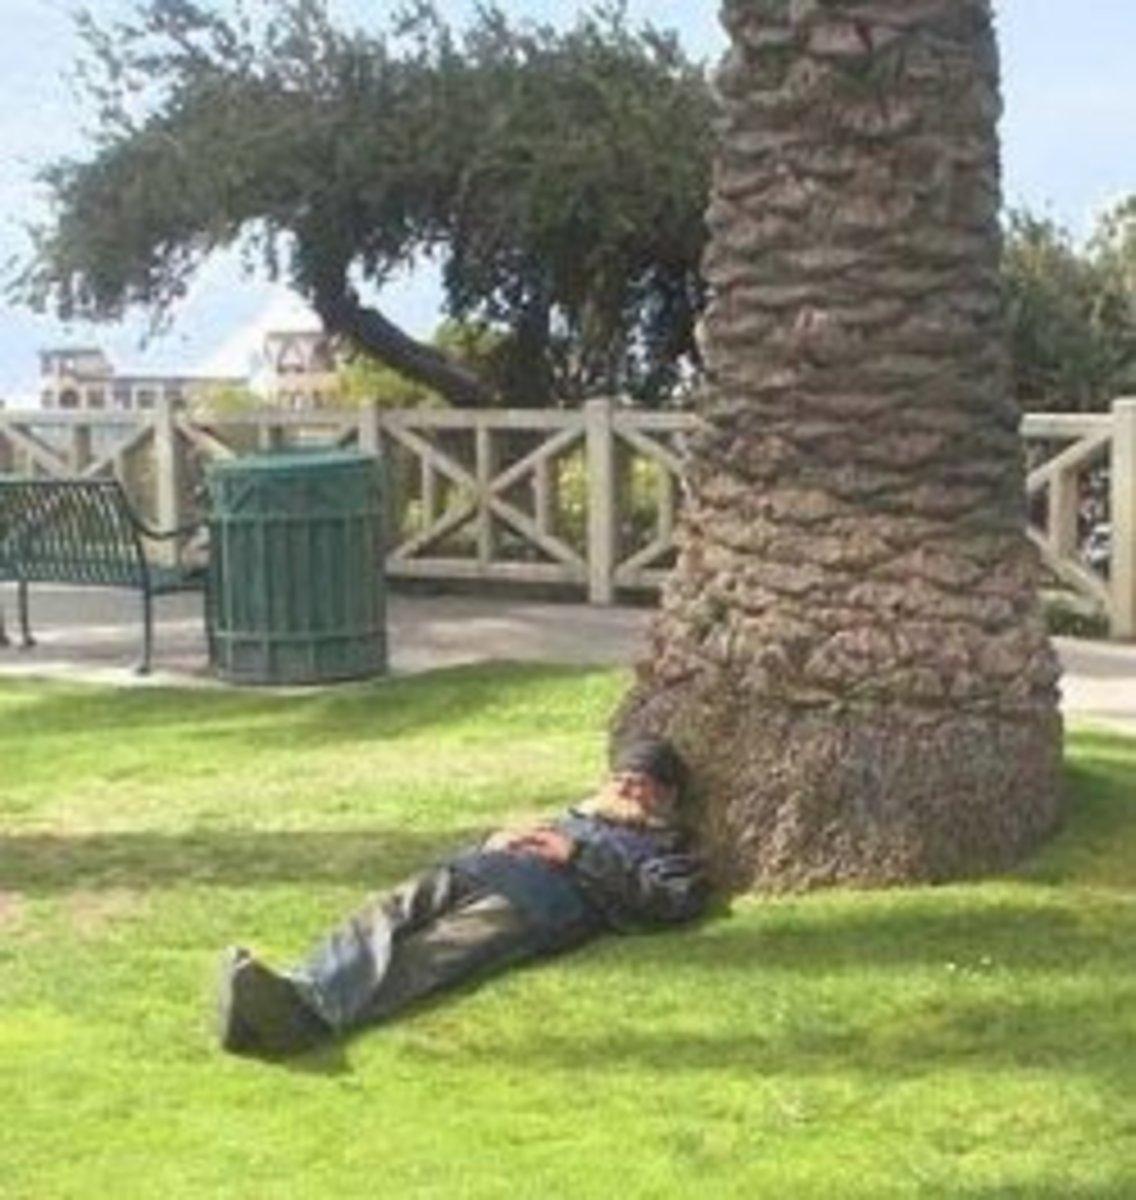 Homeless man sleeping under a palm tree in Santa Monica
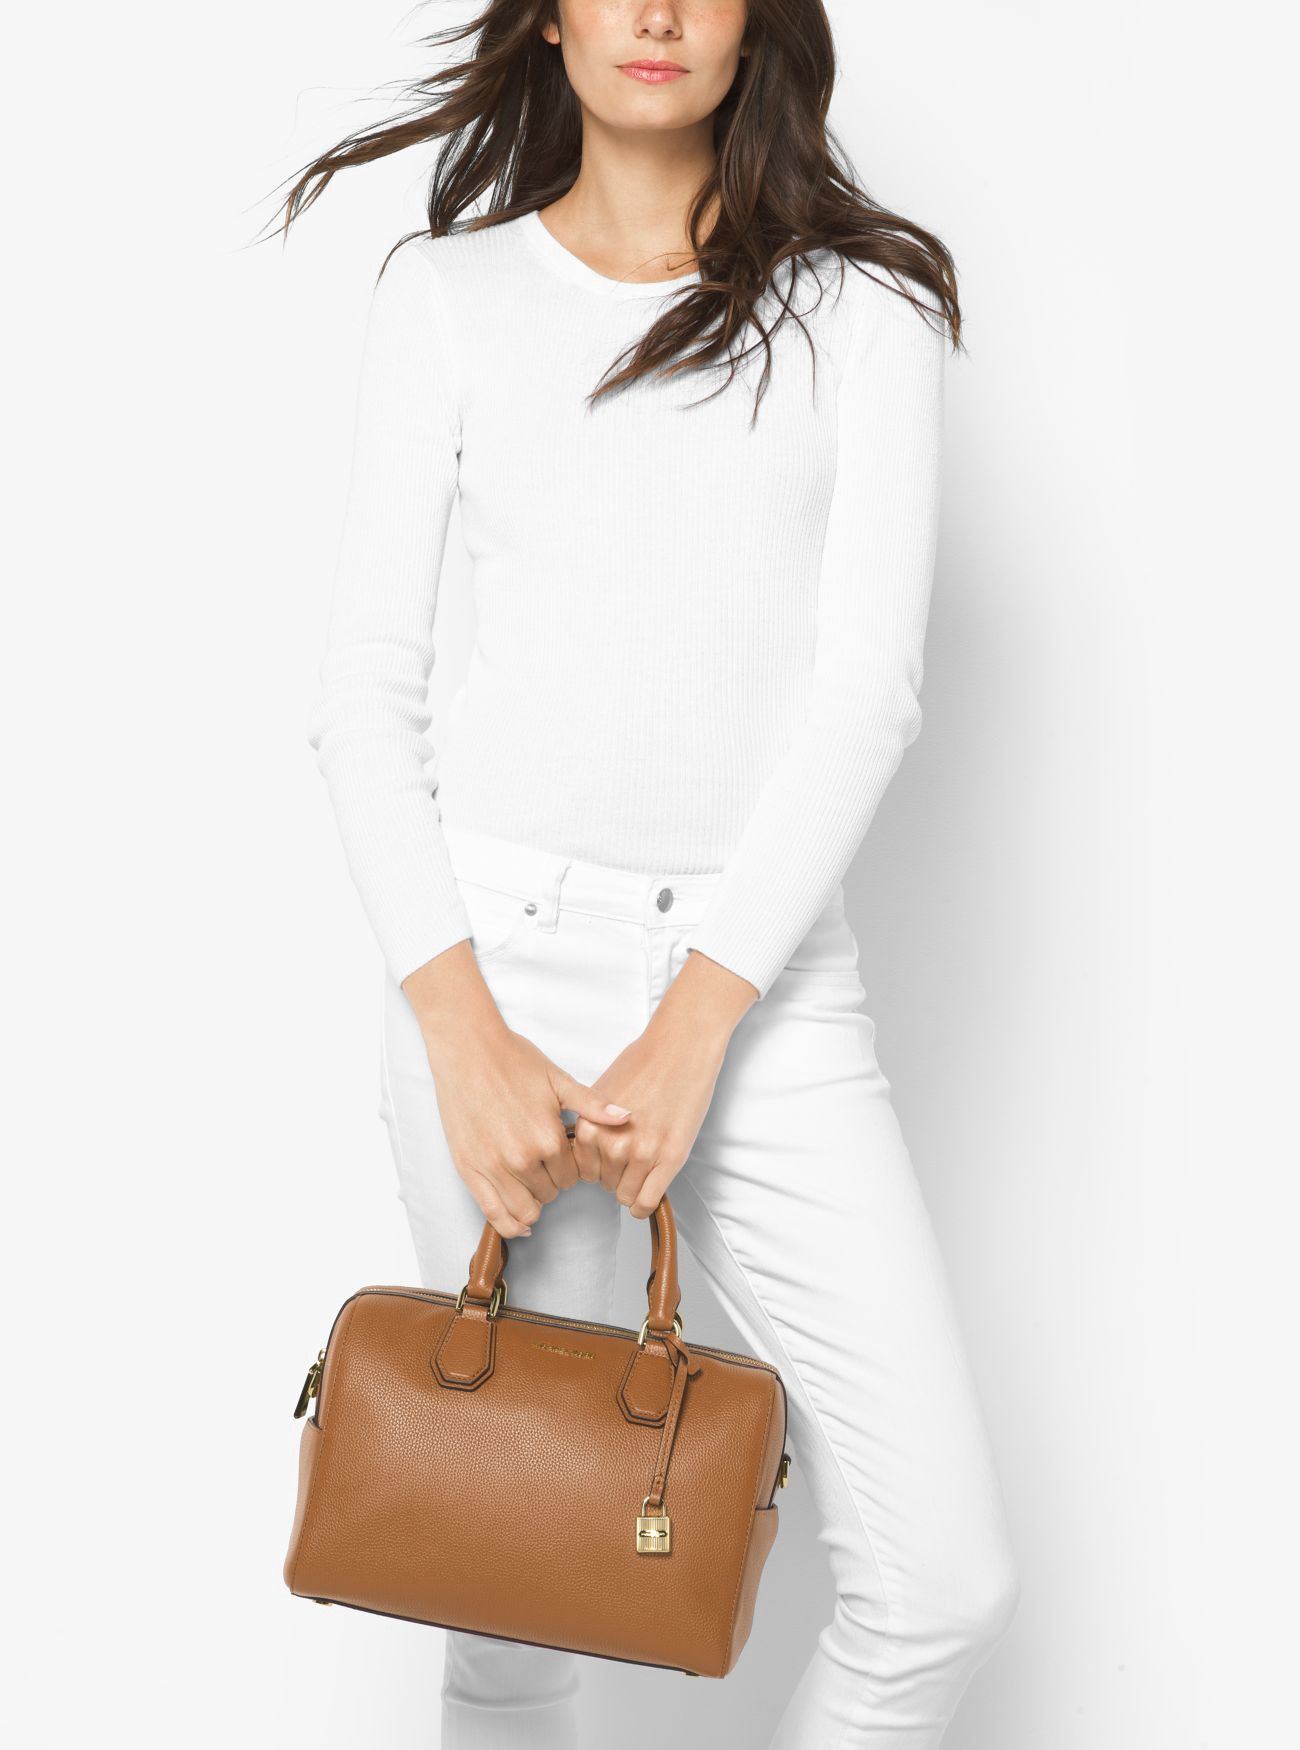 MICHAEL KORS Mercer Medium Leather Duffel.  michaelkors  bags  shoulder bags   hand bags  polyester  leather  lining   0c7fe4563c
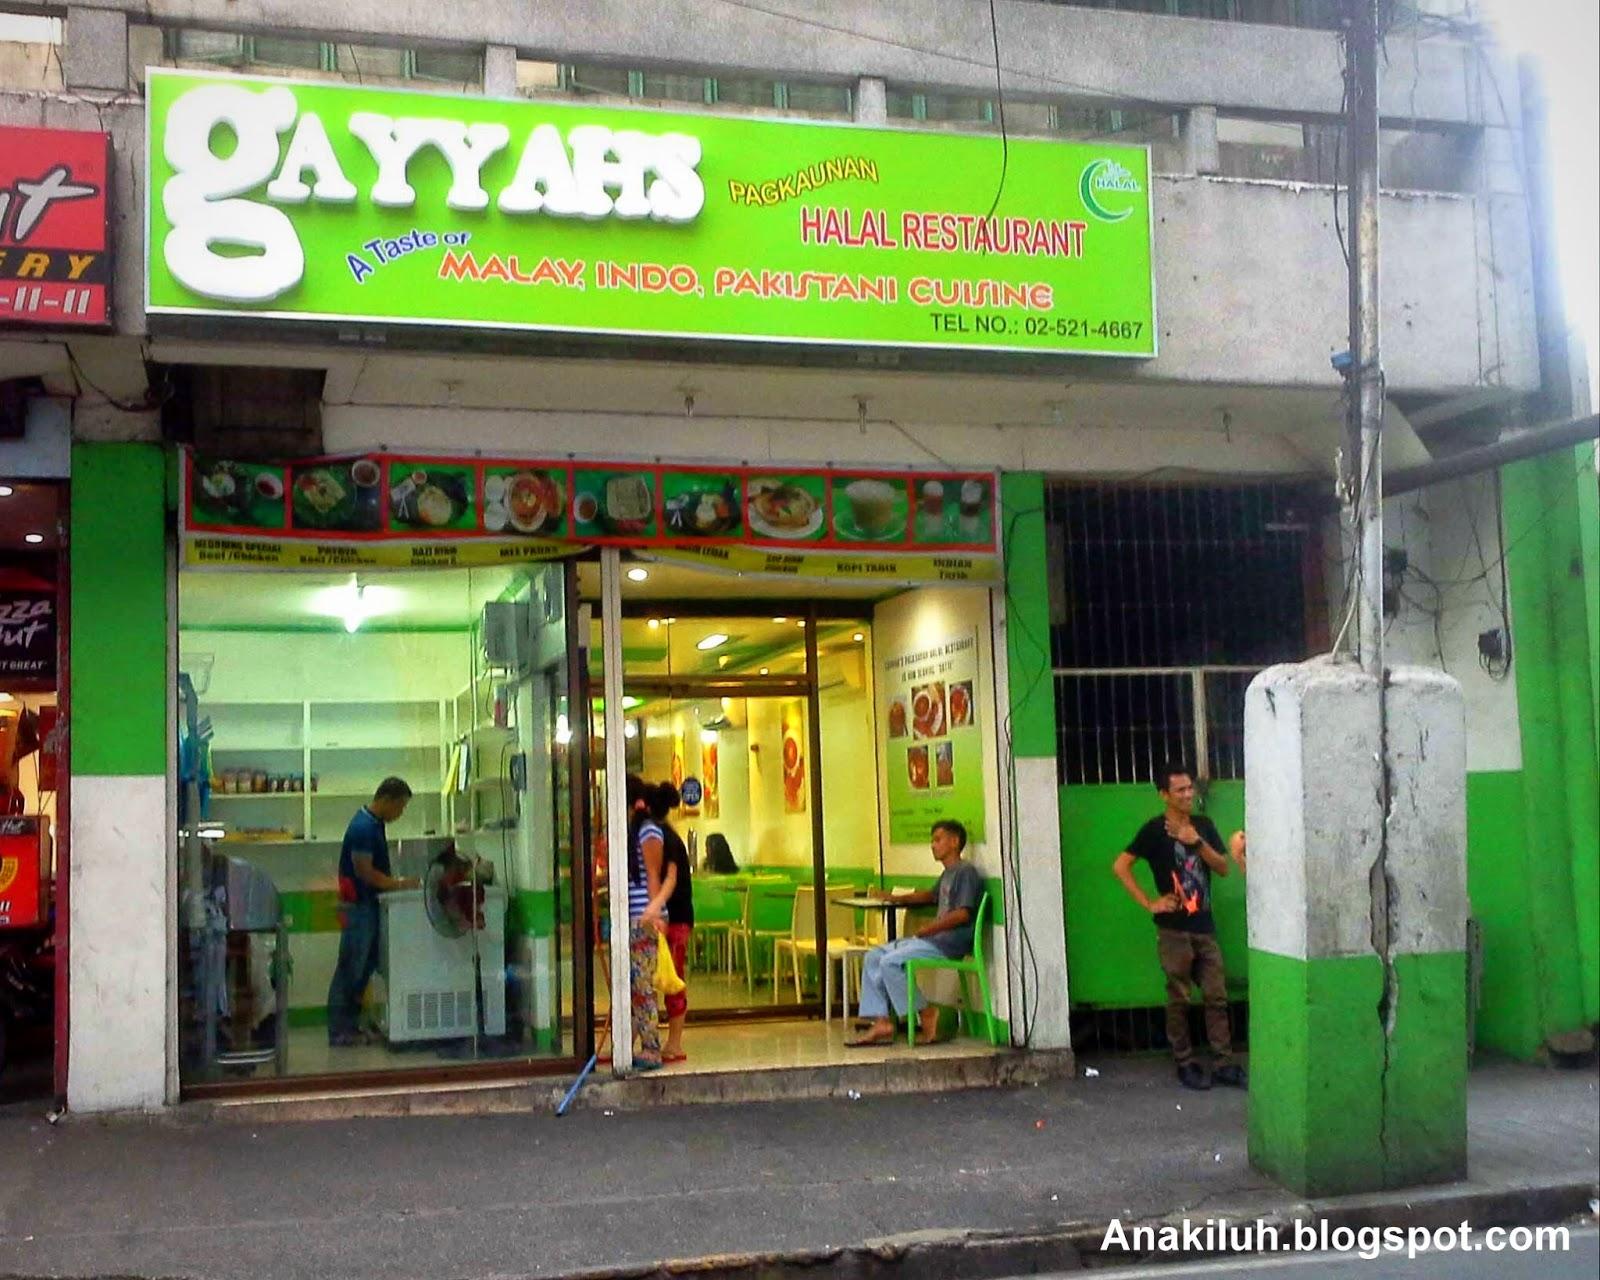 Halal Food cuisine Malaysian
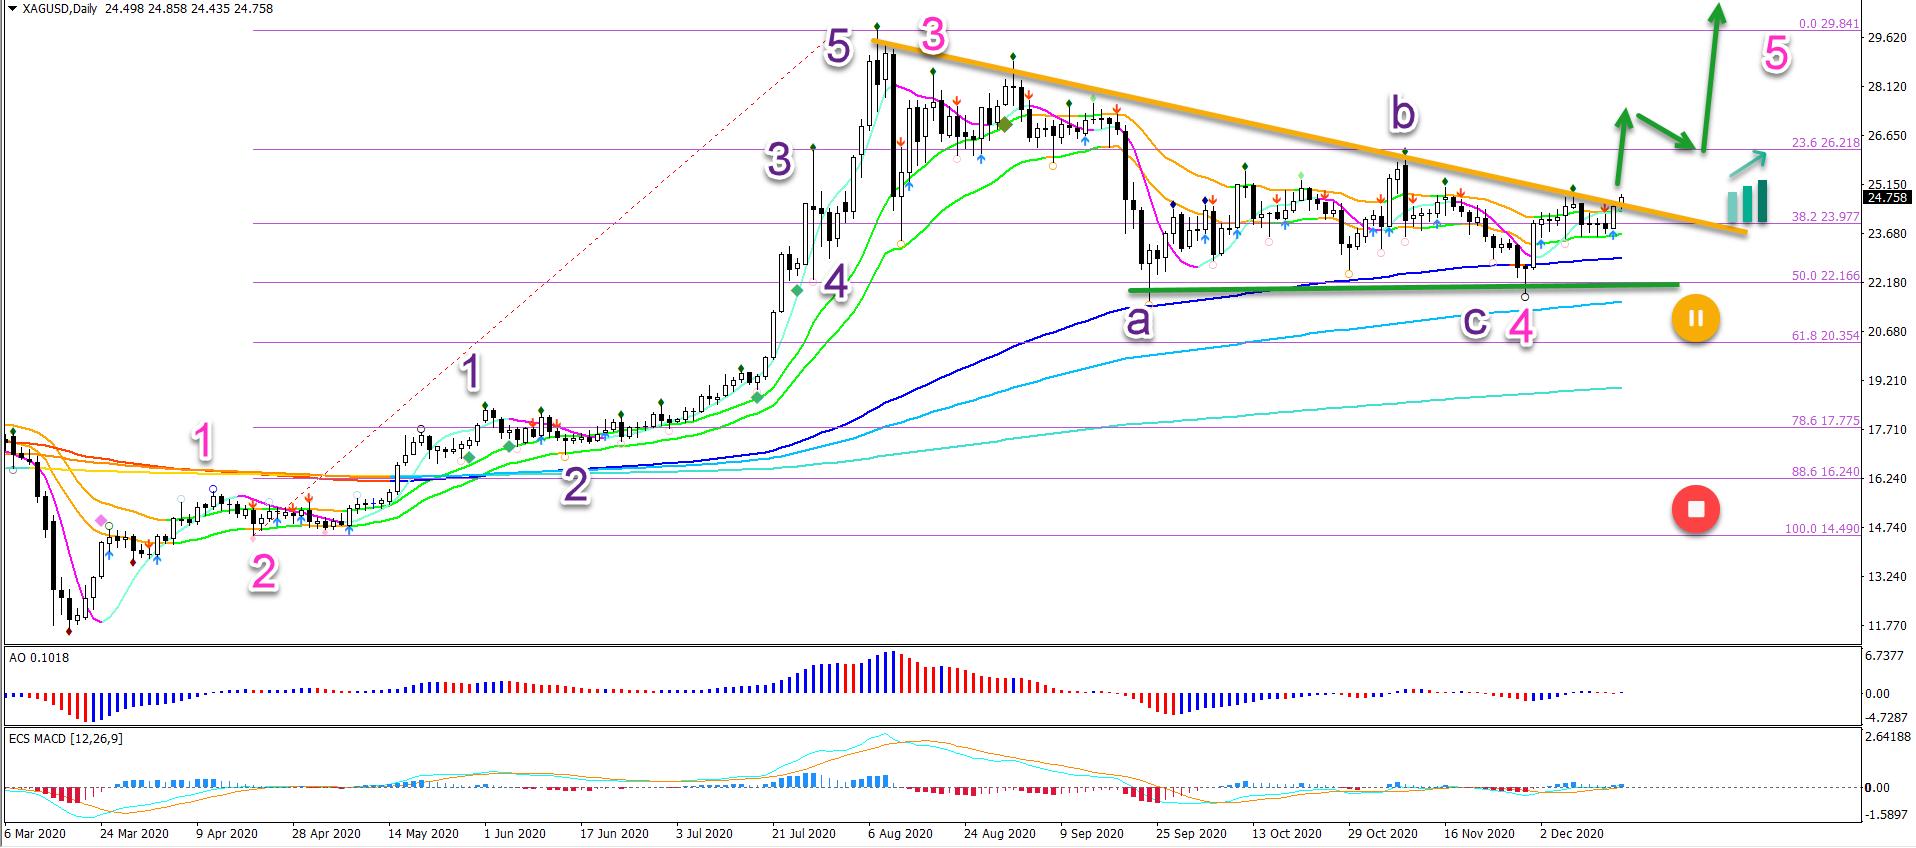 XAG/USD 16.12.2020 daily chart

========================

--- TASK DETAILS ---
At the line containing "Halal Food cuisine Malaysian", start reproducing exactly, and stop after the last line of the listing; include both ends, and leave the pictures out.

--- RESPONSE BOX ---
 Halal Food cuisine Malaysian
 XAG/USD 16.12.2020 daily chart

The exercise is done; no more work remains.